Это прозвучало как: “Прости, старик, коньки я не откинул,
хотя и старался”.
— Ты обещал рассказать о версии, — напомнила я
Чижу.
— Да. Я расскажу… Обязательно. Но ее должны услышать
все. Убийца прежде всего.
По тому, как деловито Чиж произнес слово “убийца”, стало
ясно, что версия — посоленная, поперченная и обжаренная до золотистой корочки —
уже готова к употреблению.
— Сделаем так, Ботболт. Вы можете отправляться к
остальным. Мы с Алисой подойдем ровно через пять минут.
Ботболт, уже успевший взять себя в руки, слегка поклонился
нам и исчез в коридоре.
— По-моему, он сильно расстроился из-за того, что акта
самоубийства не произошло, — глядя вслед буряту, сказал Чиж.
— По-моему, ты просто идиот. Ты действительно мог
погибнуть, или это был спектакль, рассчитанный на простаков?
— А ты бы жалела?
— Ни секундочки, — с легким сердцем сказала я.
— Я тебе не верю. — Безапелляционности Чижа можно
было только позавидовать. — Тебе совсем не понравилось?
— То, что ты остался жив?
— То, как я тебя поцеловал.
Поцелуй, поцелуй… Интересно, как целуется Райнер-Вернер? Его
губы совсем непохожи на худосочный рот Чижа, его губы — мягкие и слегка
припухлые, как пятки у младенцев… Интересно, какие они на вкус?..

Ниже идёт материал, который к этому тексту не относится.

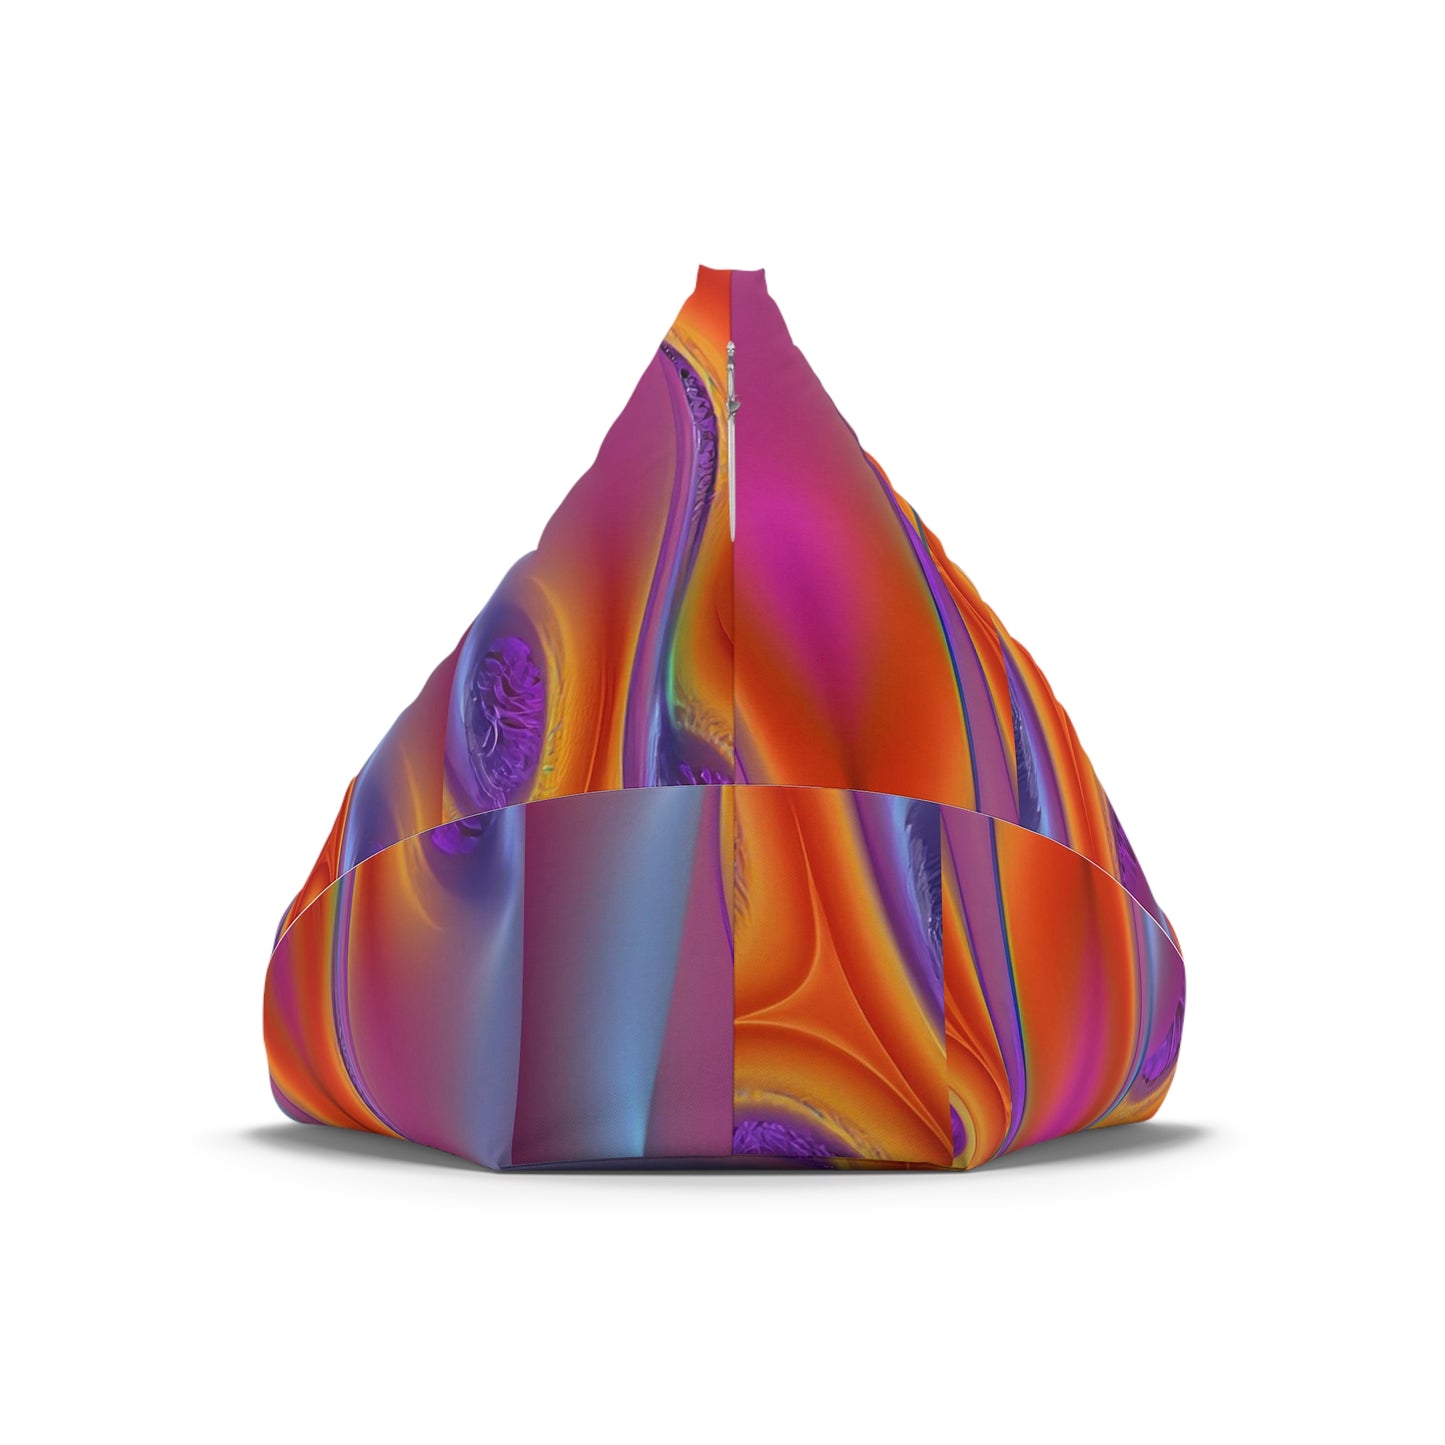 Purple Flame shons Bean Bag Chair Cover

— Прекрати! — зло бросил Чиж, и я даже вздрогнула
от неожиданности.
— Что прекратить?
— Прекрати думать об этом лосе! Я же вижу! Стоишь рядом
со мной и нагло сравниваешь… Мол, Петя Чиж — это так, детский лепет на лужайке!
Мол, Петин поцелуй — это укус комара, не больше. Прихлопнул и забыл. А гансик —
гансик совсем другое дело! И губы у него другие. Мягкие и слегка припухлые,
как…
— Как пятки у младенцев, — раскололась я.

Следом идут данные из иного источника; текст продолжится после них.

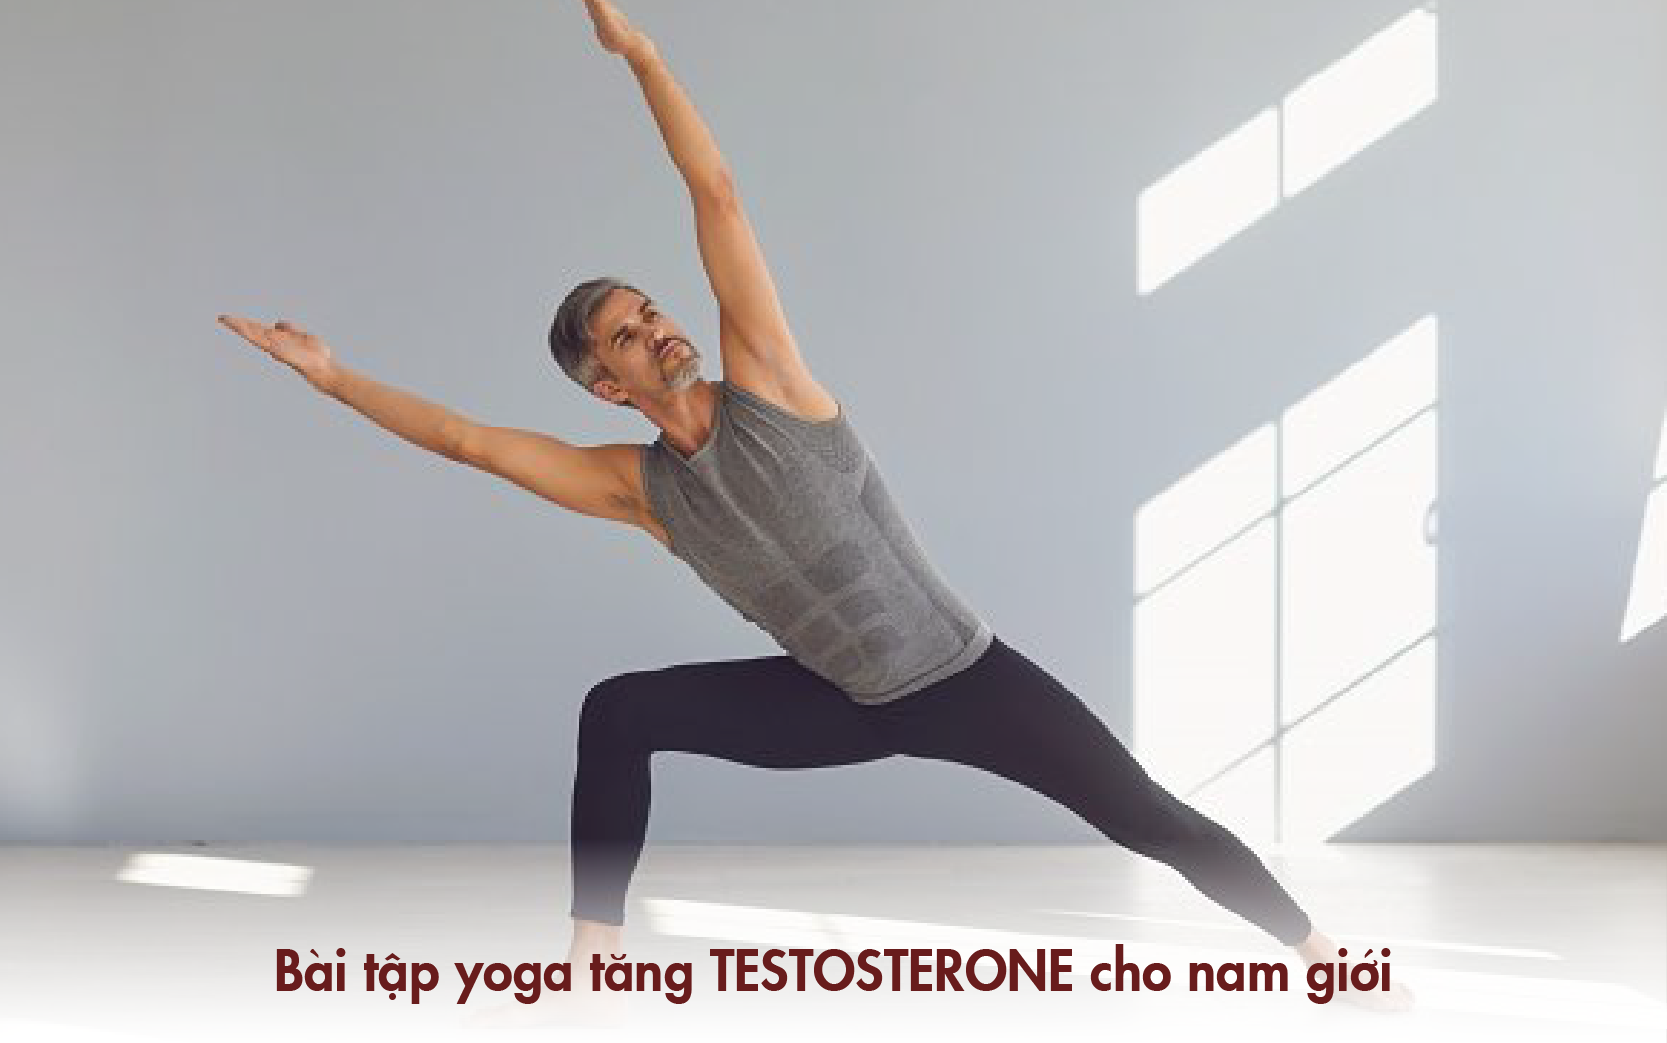 Nhiều bài tập Yoga giúp tăng testosterone hiệu quả

— Держи карман шире! Как переваренные пельмени!
Кое-какой товарный вид имеется, но жрать-то невозможно!
— Кстати, насчет “жрать”. — Я почувствовала легкий
укол совести и решила успокоить Чижа. — Если твое предложение остается в
силе, мы можем пообедать. В каком-нибудь ресторанчике. Когда все закончится.
Чиж, получивший утешительный приз, сделал круг почета по
кухне.
— Мне кажется, это никогда не кончится! — с
горечью произнес он. — А ты что скажешь?
Я развела руками: что тут скажешь, в самом деле!
— Ты подозреваешь кого-то конкретно? Ты думаешь, это
Минна?
Мой невинный вопрос вызвал у Чижа странную реакцию. Он снова
принялся наматывать круги по кухне.
— Ох уж эта Минна! Она прямо как бельмо в глазу,
честное слово! Куда ни кинь, везде она! Под благовидным предлогом она не пошла
на прогулку, а осталась в доме. Более того, когда ты случайно… Так сказать..,
внепланово.., заглянула на кухню, она была там и производила манипуляции с… С
чем она производила манипуляции?
— Не знаю. — Я вдруг почувствовала угрызения
совести от того, что днем оказалась не на высоте, не набросилась на Минну с
нунчаками и ордером на арест и не потребовала от нее немедленной дачи показаний.
— И дверцы шкафа… Они были открыты. Почему они были
открыты, ведь Ботболт утверждает, что спиртное обычно запирается?
— Они были открыты, потому что их открыли. Может быть,
это сделали Доржо с Дугаржапом. Раз уж они такие порочные и лакают что ни попадя,
то подобрать ключи к буфету для них не было проблемой…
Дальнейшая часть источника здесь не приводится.